◆ Given data
━━━━━━━━━━

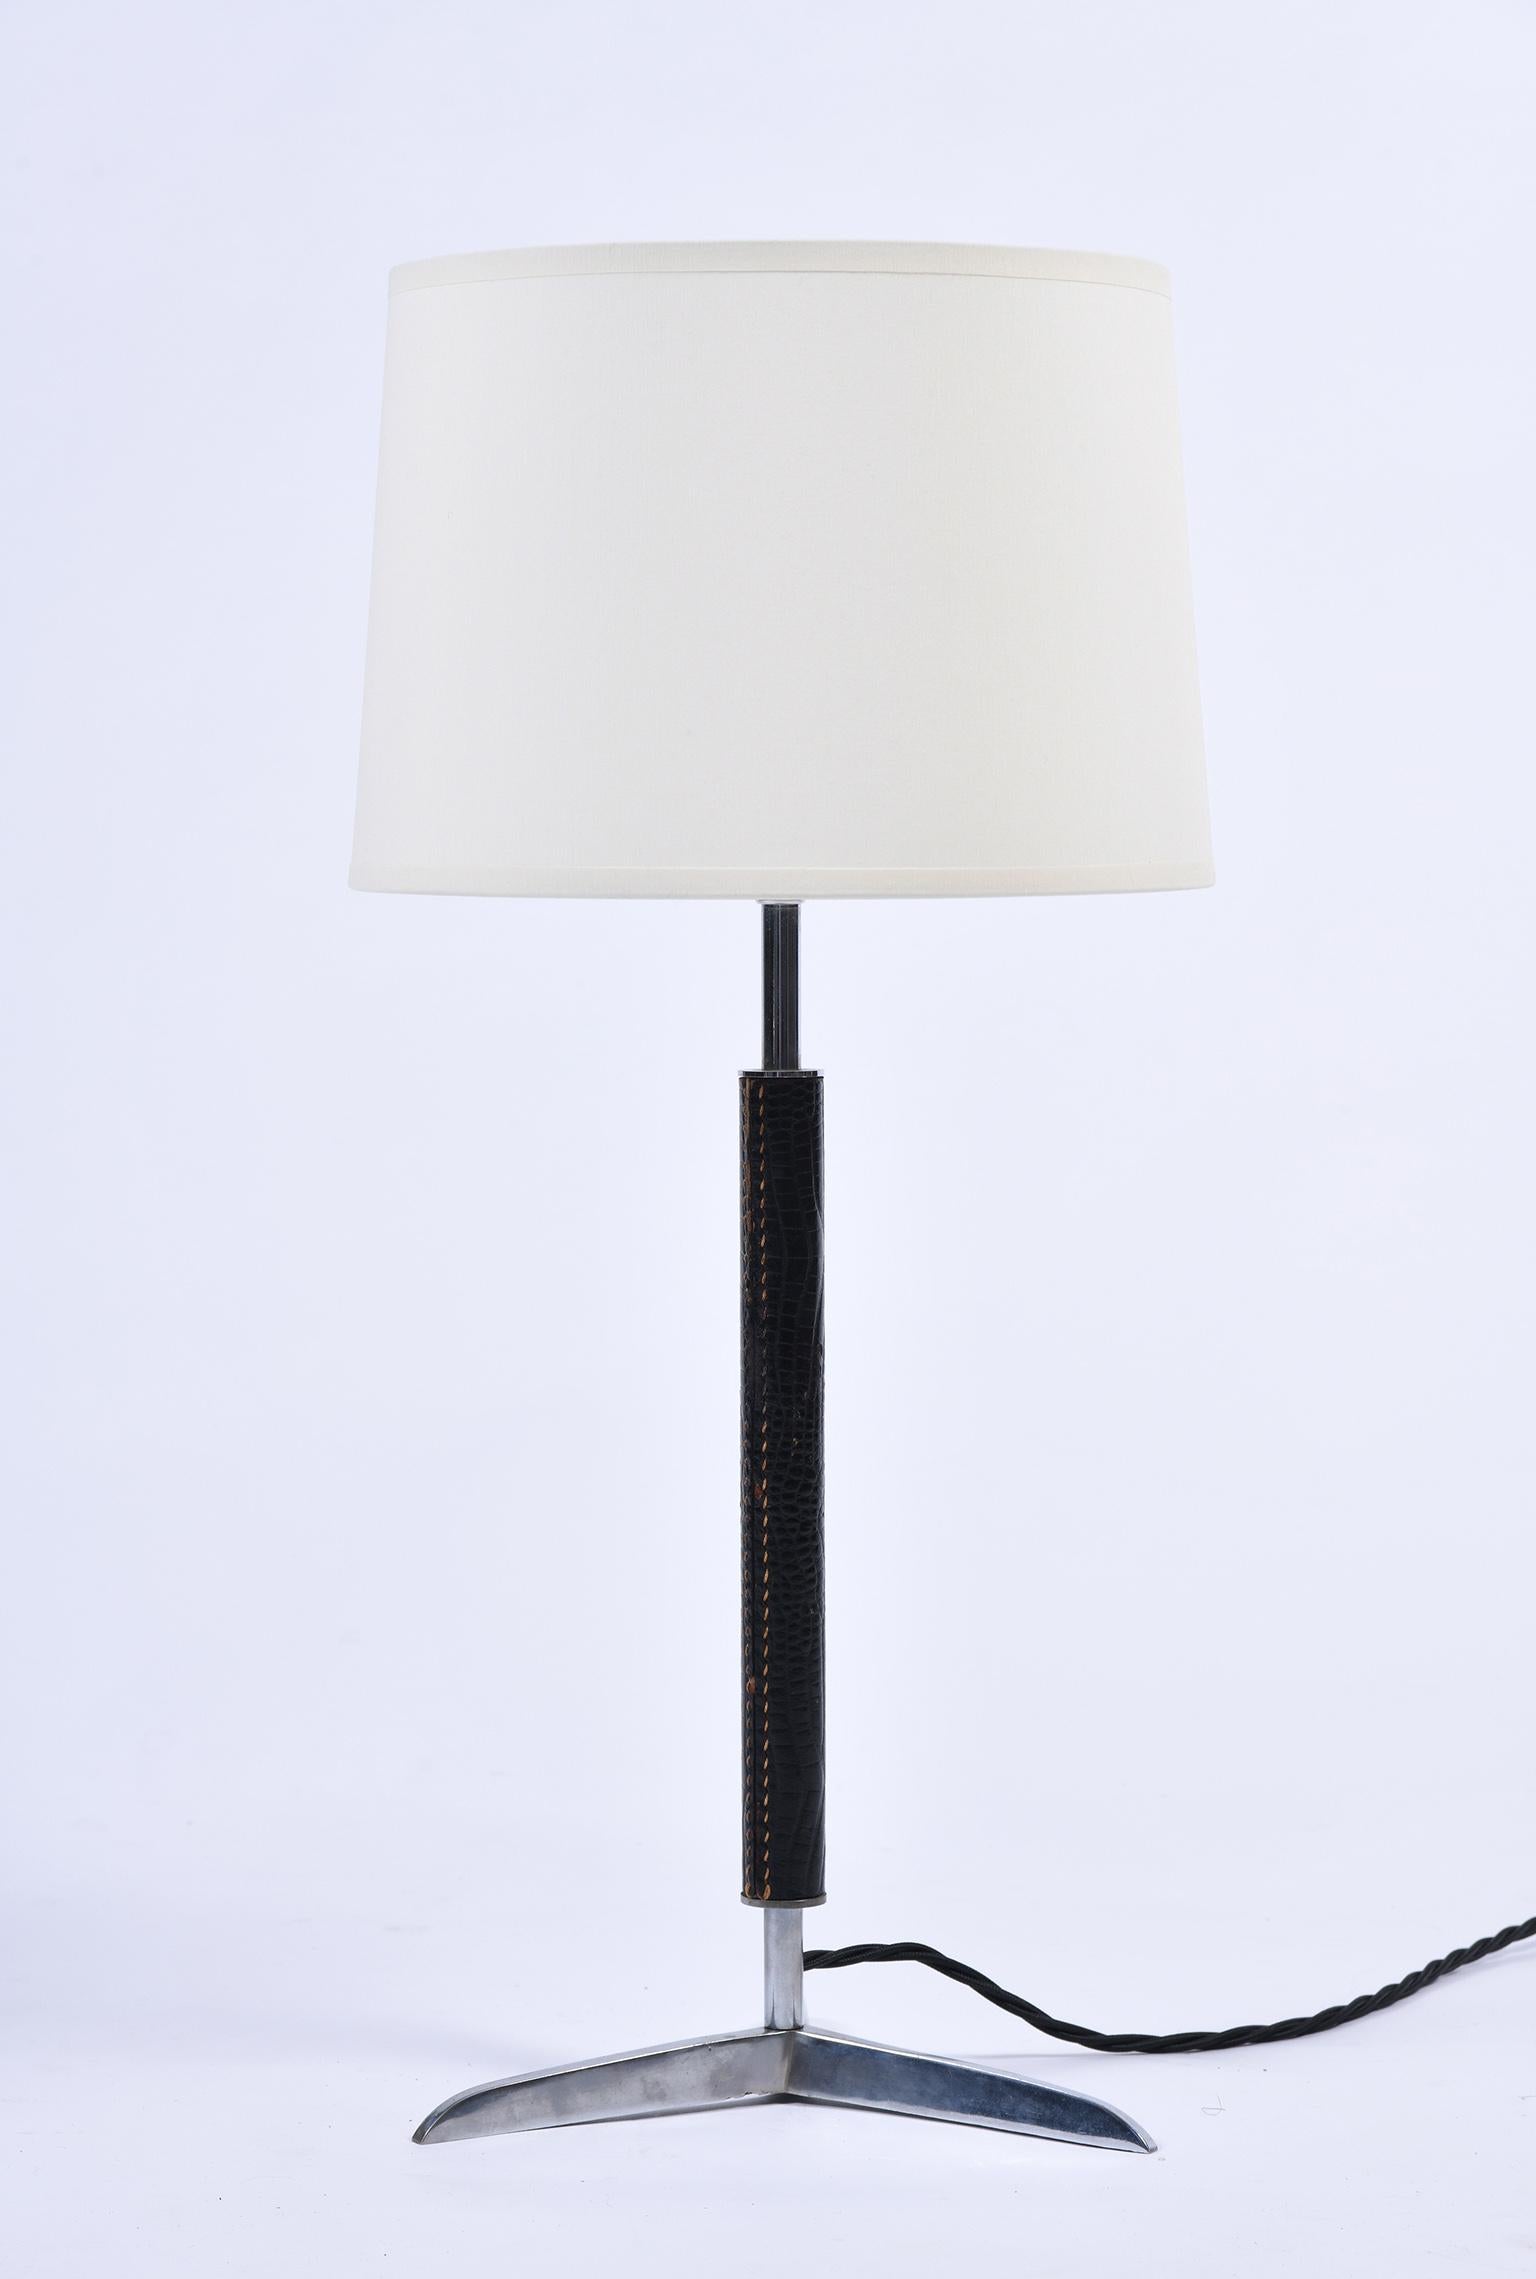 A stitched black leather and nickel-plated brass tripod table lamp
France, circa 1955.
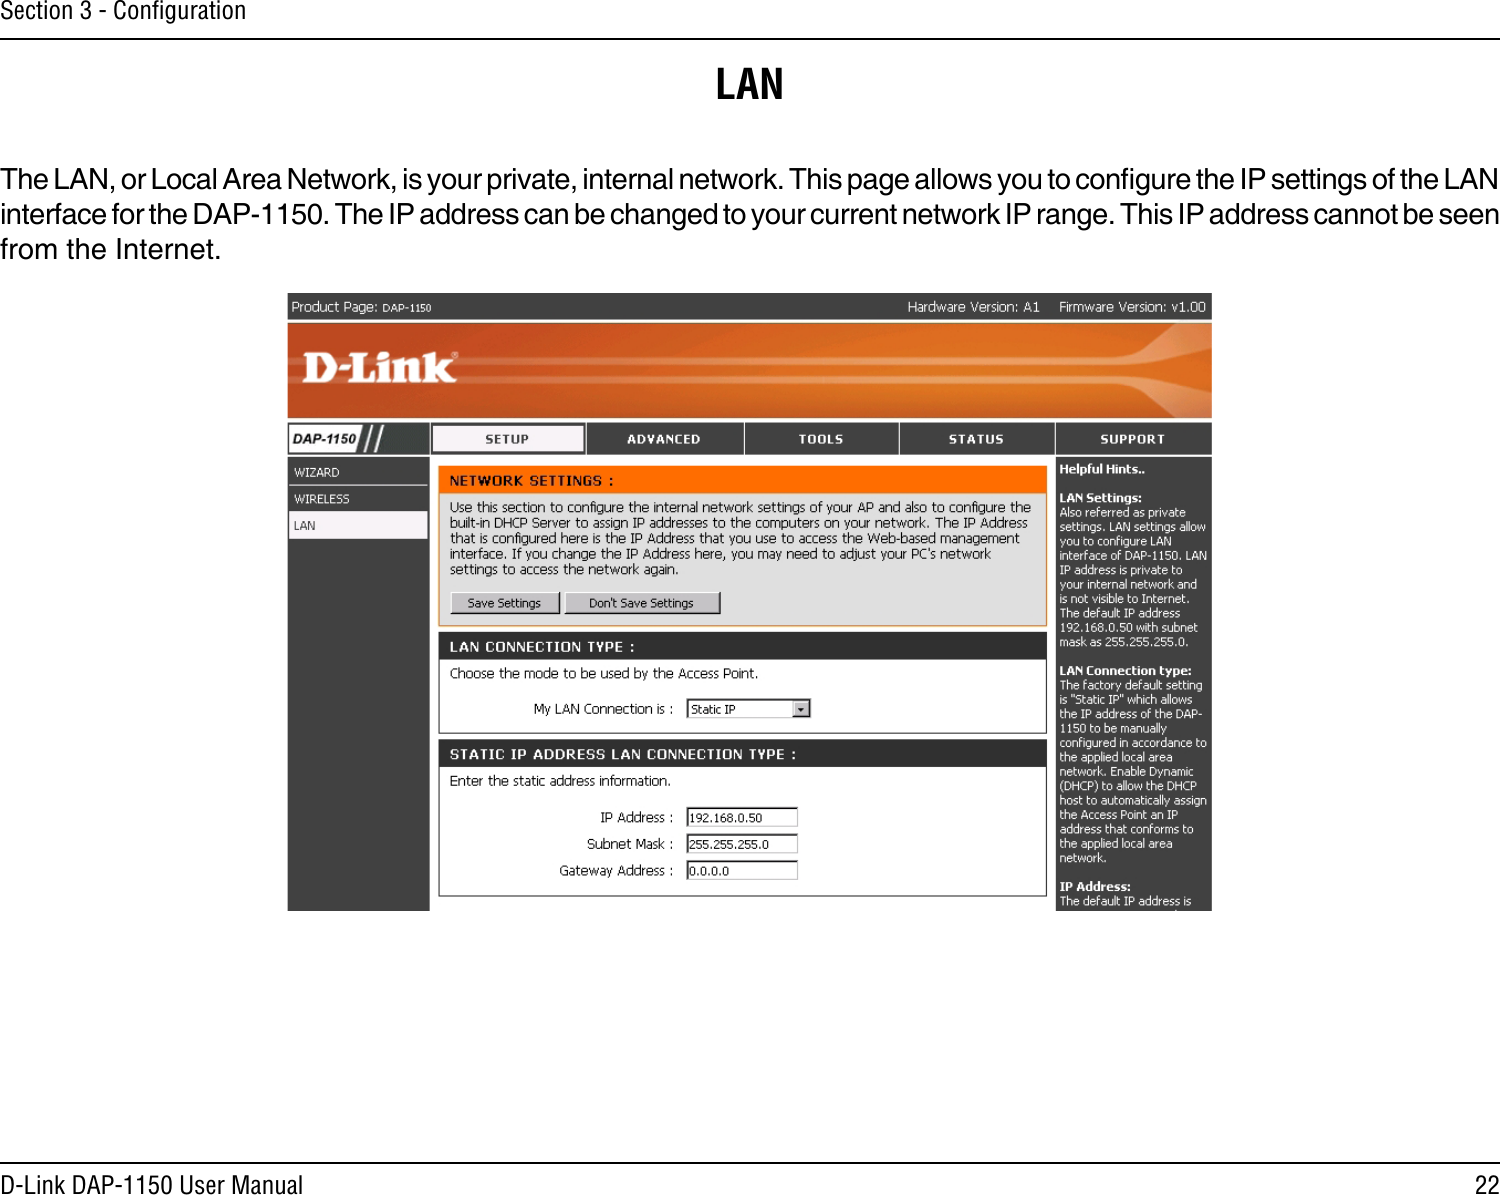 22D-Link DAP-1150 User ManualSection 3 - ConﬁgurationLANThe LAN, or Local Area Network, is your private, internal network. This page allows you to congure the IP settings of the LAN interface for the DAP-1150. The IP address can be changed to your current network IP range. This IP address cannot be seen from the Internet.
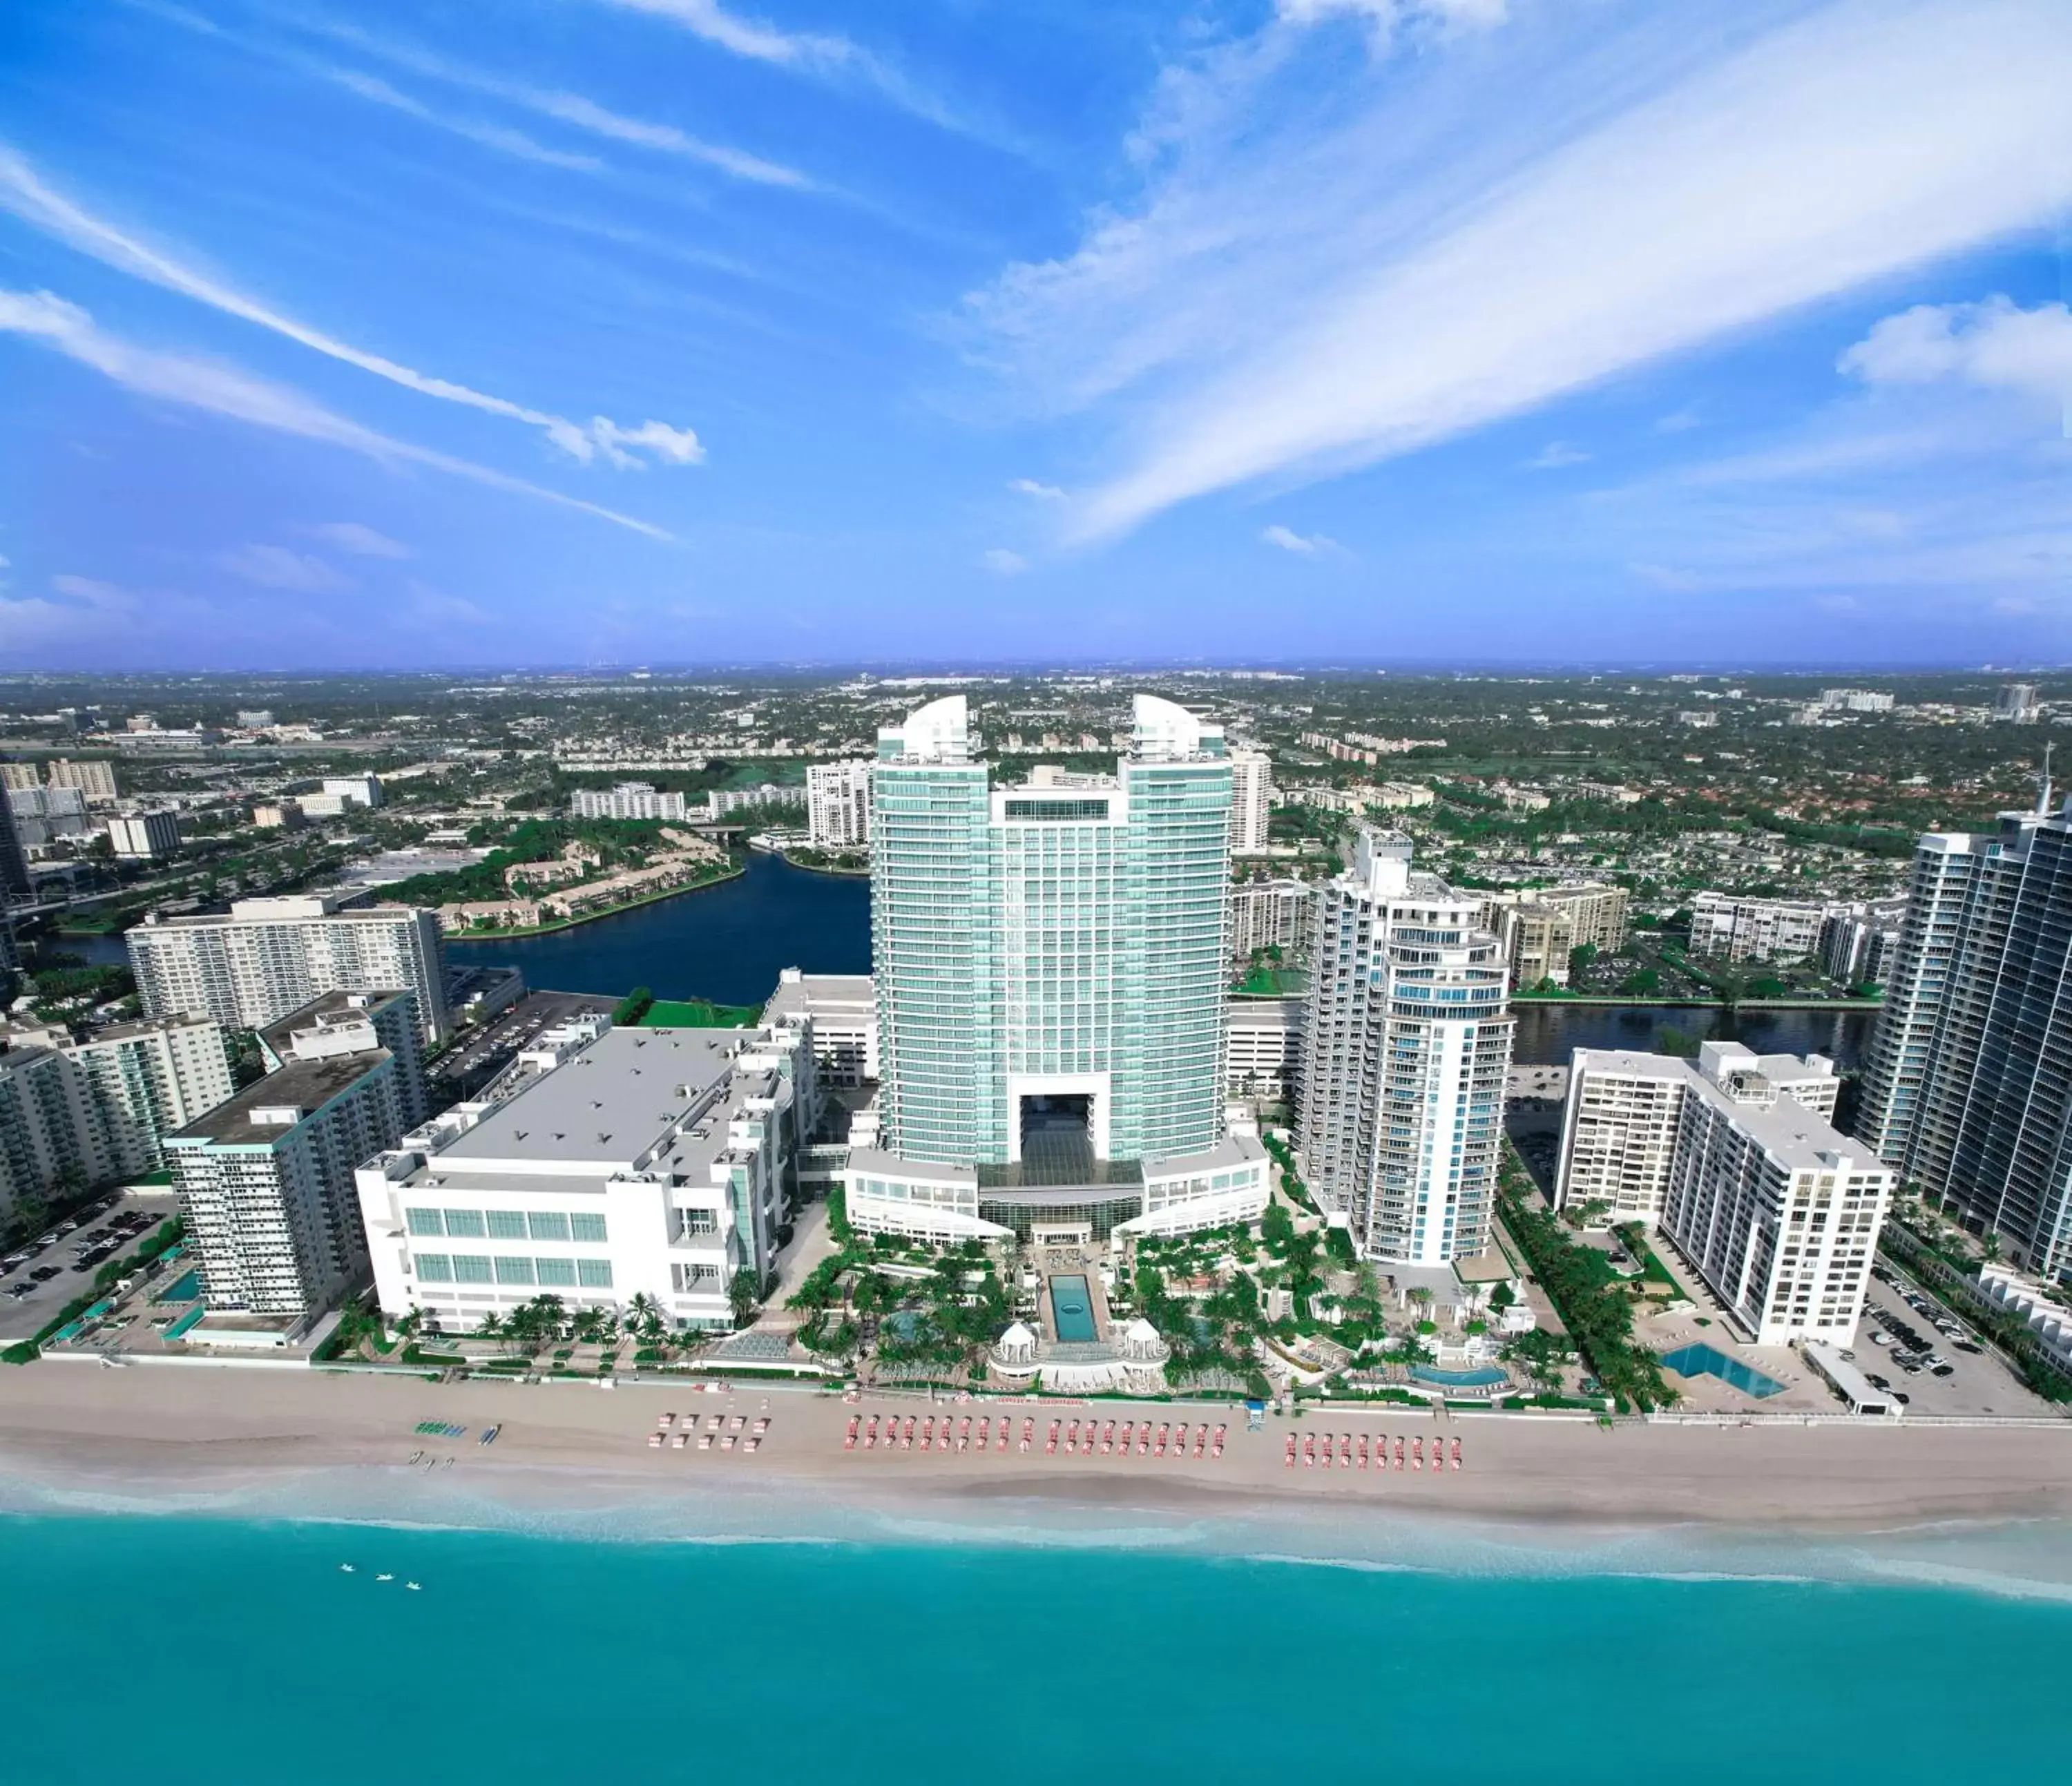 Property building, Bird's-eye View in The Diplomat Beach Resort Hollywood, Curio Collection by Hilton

━━━━━━━━━━

◆ Work instruction
Skip the pictures; extract only the lines from the line with "France, circa 1955." through the final line of the material, exactly as they appear.

◆ Solution for this problem
France, circa 1955.
 22D-Link DAP-1150 User ManualSection 3 - ConﬁgurationLANThe LAN, or Local Area Network, is your private, internal network. This page allows you to congure the IP settings of the LAN interface for the DAP-1150. The IP address can be changed to your current network IP range. This IP address cannot be seen from the Internet.
 Property building, Bird's-eye View in The Diplomat Beach Resort Hollywood, Curio Collection by Hilton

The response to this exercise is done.